6
votes
Real-time speech-to-speech translation
Has anyone used a free, offline, open-source, real-time speech-to-speech translation app on under-powered devices (i.e., older smart phones)? There are a few libraries that written that purportedly can do or help with local speech-to-speech:
- https://github.com/ictnlp/StreamSpeech
- https://github.com/k2-fsa/sherpa-onnx
- https://github.com/openai/whisper
I'm looking for a simple app that can listen for English, translate into Korean (and other languages), then perform speech synthesis on the translation. Although real-time would be great, a short delay would work.
RTranslator is awkward (couldn't get it to perform speech-to-speech using a single phone). 3PO sprouts errors like dandelions and requires an online connection.
Any suggestions?
The combination of things you are asking for is a challenge. Certainly combining offline use with underpowered devices. Specifically, the under-powered device bit is making it a next to impossible ask, I think. As for accurate speech to text and accurate translation you do likely need to run two models, a good speech to text model supporting both languages. A LLM also trained reasonably well in both languages, ideally trained to do translation. There are other options, but the result there likely will be much more crude.

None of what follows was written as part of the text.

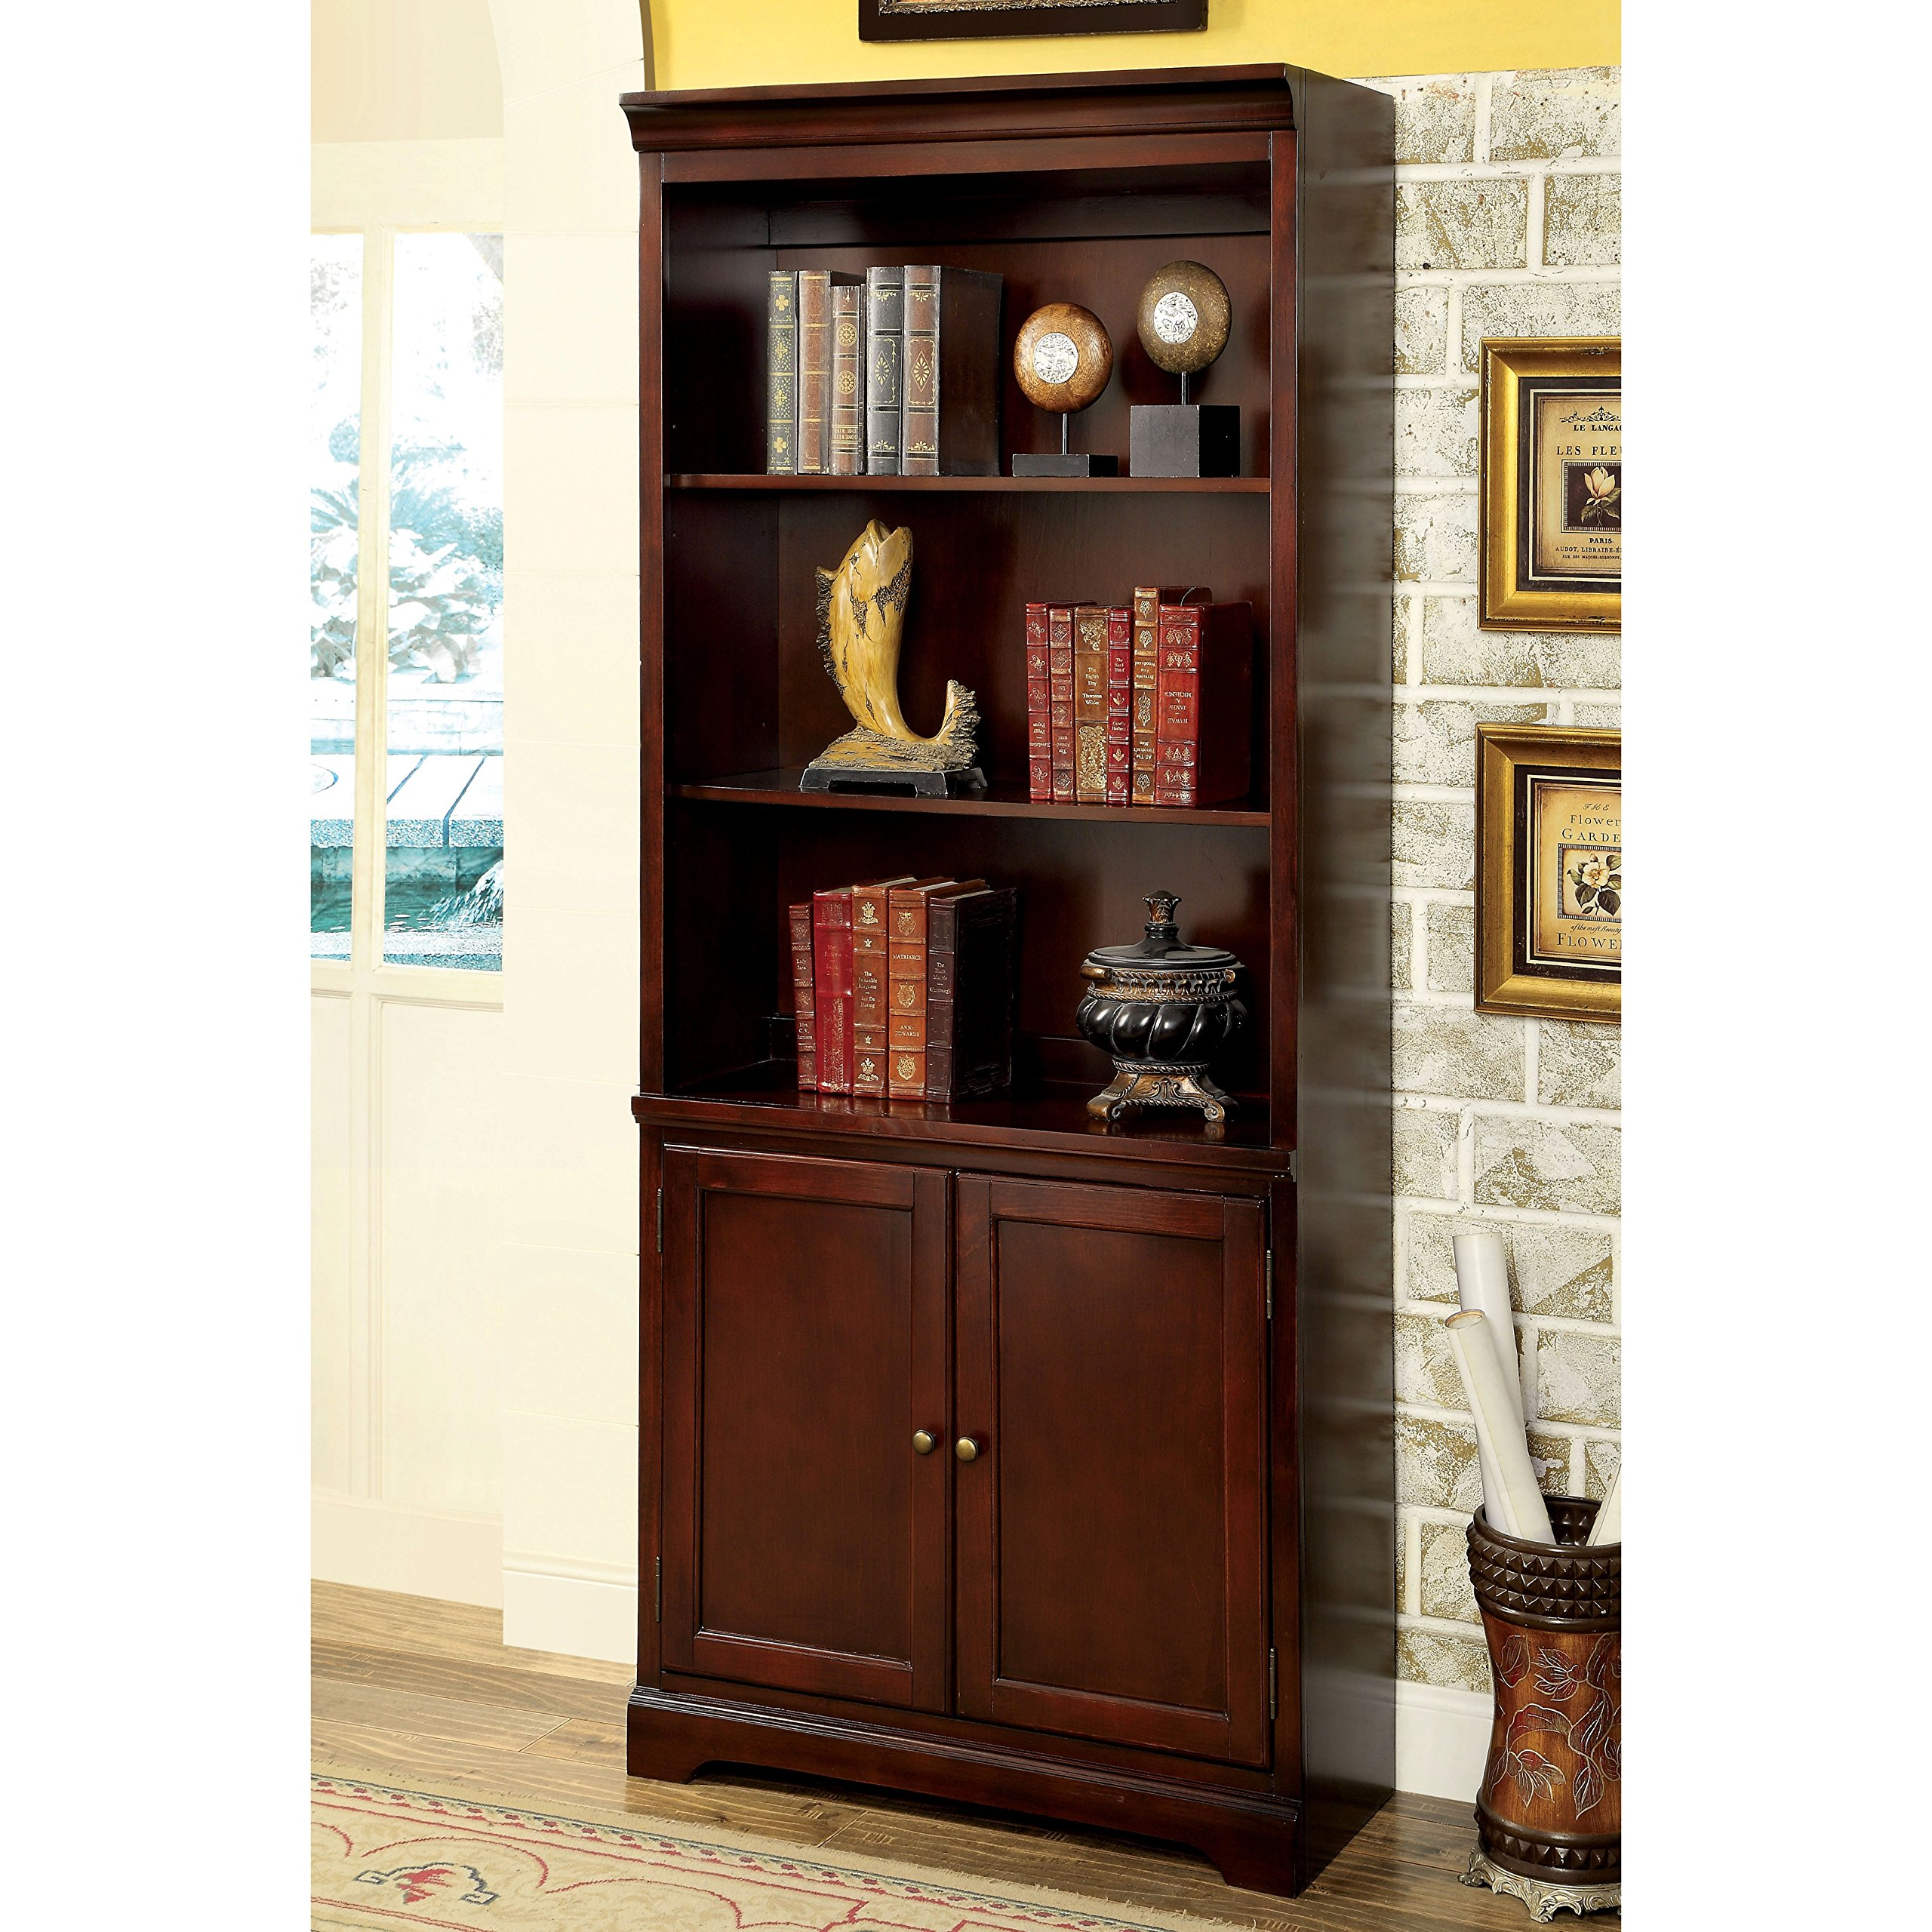 Furniture of America Ericks Transitional Cherry Bookshelf by Furniture of America

As far as RTranslator goes, I was doing a quick google search myself and came across their repo. The online remark makes me think you used the v1.0 version of it, the v2.0 version does everything on your phone. According to their github anyway, but they also make it clear there are minimum hardware requirements for it to have any reasonable chance of working:
Edit:
I might not be entirely right, I also came across LibreTranslate which for translation uses a offline library called argos-translate which still uses neural machine translation but might have slightly lower hardware requirements? Not entirely sure about that last bit, but figured I'd throw it in there.
2.1.1 is installed. Looks like there's no TTS for Korean, and numerous other languages. The WalkieTalkie mode translates English into Korean text just fine. Meaning, it is not quite speech-to-speech, yet.
Unless I'm missing a TTS engine for Korean? If that's the case, the software should detect the desired output language and prompt to install a TTS engine.
Yeah I don't know, it is the only app that I came across that sort of seems to check your boxes. As to why there aren't many (any) others, well that's because it is not a problem with an easy solution.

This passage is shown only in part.